Data excerpts
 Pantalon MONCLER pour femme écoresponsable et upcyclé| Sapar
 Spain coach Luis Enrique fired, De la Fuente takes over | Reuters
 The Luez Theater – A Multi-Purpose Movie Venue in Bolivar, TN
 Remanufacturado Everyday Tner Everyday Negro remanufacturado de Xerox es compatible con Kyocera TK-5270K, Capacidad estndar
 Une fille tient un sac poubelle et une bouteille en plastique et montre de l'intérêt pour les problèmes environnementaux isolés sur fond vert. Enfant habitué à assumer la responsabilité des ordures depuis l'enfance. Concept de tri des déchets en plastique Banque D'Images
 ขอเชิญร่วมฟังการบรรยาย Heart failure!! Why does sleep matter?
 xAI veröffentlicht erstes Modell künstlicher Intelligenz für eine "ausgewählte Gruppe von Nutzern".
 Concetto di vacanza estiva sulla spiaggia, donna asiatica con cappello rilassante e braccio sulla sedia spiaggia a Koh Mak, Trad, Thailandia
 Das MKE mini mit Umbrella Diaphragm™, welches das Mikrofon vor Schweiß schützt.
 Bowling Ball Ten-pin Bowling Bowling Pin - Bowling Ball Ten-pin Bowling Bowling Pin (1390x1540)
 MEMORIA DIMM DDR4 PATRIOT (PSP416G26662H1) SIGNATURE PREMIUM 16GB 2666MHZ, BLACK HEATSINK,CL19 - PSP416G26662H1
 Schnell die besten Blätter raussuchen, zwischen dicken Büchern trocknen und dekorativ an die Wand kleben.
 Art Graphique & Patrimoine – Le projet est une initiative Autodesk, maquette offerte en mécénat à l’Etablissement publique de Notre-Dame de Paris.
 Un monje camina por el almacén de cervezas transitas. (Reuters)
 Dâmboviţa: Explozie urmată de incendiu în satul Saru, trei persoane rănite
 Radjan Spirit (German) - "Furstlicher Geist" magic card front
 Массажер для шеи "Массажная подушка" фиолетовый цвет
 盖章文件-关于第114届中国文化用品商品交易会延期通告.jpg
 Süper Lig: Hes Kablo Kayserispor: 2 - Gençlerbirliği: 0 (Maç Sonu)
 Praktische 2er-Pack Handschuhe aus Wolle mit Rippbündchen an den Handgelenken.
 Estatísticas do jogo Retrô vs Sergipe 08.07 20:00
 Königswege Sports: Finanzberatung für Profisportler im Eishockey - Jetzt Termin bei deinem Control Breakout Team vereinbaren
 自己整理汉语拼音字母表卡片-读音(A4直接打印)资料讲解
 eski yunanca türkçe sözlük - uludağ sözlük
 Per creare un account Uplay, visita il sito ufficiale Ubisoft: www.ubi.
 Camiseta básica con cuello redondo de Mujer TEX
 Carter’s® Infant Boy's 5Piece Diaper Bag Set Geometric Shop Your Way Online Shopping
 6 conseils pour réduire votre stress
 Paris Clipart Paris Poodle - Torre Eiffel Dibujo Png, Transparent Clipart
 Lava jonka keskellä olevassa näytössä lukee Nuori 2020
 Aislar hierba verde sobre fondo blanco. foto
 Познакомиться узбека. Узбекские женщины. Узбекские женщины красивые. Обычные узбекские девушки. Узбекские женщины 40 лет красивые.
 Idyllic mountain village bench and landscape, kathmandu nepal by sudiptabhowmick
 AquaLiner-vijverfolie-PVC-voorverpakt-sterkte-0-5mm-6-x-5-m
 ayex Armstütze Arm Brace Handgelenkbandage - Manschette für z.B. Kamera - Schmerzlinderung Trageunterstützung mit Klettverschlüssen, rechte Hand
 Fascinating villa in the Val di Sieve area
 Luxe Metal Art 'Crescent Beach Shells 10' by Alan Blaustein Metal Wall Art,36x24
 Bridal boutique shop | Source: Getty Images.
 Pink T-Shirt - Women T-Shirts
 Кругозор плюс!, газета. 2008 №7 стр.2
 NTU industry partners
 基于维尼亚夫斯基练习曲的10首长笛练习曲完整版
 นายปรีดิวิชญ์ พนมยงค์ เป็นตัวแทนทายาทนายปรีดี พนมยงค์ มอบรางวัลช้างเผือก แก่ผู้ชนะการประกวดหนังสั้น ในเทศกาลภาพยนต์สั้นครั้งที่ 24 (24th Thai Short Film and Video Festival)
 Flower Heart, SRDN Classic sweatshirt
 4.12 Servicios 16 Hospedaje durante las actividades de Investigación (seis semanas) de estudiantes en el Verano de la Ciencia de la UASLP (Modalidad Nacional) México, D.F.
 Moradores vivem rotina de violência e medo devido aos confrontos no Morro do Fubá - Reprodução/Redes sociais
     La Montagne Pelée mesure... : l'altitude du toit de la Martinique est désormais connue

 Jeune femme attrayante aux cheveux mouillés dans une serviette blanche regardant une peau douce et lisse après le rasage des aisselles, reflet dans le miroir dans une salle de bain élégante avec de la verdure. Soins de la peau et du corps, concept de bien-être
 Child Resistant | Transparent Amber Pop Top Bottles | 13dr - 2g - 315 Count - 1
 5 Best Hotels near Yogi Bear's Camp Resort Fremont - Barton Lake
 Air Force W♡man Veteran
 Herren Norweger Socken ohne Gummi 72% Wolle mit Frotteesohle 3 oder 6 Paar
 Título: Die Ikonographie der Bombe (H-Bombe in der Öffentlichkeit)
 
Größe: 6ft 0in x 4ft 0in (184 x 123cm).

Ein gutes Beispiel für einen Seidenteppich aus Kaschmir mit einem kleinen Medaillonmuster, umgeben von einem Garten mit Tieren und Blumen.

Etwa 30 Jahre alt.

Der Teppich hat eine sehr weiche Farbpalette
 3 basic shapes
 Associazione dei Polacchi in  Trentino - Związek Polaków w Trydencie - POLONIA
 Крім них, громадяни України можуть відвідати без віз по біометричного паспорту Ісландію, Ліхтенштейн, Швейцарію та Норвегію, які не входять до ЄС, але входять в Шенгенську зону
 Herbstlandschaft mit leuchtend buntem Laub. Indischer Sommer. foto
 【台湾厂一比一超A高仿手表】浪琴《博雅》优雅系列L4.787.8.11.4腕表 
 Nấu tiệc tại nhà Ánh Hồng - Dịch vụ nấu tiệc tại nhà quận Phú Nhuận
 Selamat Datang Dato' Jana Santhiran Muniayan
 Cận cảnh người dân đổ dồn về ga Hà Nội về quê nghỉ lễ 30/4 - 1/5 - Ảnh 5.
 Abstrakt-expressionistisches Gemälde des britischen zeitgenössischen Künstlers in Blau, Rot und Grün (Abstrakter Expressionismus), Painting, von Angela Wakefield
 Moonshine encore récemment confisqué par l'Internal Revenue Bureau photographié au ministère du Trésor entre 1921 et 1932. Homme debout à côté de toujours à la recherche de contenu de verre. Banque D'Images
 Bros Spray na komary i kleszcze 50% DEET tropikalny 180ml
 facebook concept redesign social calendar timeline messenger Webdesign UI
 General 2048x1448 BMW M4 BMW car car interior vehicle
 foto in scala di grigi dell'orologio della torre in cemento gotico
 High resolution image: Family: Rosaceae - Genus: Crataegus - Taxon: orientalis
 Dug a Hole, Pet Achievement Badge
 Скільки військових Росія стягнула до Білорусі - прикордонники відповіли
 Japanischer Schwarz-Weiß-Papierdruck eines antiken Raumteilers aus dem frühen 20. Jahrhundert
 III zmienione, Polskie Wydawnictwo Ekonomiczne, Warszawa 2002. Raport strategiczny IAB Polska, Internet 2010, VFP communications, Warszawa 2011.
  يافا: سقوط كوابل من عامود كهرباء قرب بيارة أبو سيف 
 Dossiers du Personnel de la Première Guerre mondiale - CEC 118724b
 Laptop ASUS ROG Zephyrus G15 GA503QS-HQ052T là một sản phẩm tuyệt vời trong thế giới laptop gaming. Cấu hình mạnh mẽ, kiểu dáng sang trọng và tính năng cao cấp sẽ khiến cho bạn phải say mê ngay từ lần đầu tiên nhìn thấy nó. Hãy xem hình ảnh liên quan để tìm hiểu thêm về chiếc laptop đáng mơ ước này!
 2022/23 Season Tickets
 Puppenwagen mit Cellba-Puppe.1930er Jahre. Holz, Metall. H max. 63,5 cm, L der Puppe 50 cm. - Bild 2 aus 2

* _TASK_
Reproduce, word for word and in full, only the lines above that start at the line with "Remanufacturado Everyday Tner" and run through the line with "Une fille tient", both ends included.

* _TASK RESULT_
 Remanufacturado Everyday Tner Everyday Negro remanufacturado de Xerox es compatible con Kyocera TK-5270K, Capacidad estndar
 Une fille tient un sac poubelle et une bouteille en plastique et montre de l'intérêt pour les problèmes environnementaux isolés sur fond vert. Enfant habitué à assumer la responsabilité des ordures depuis l'enfance. Concept de tri des déchets en plastique Banque D'Images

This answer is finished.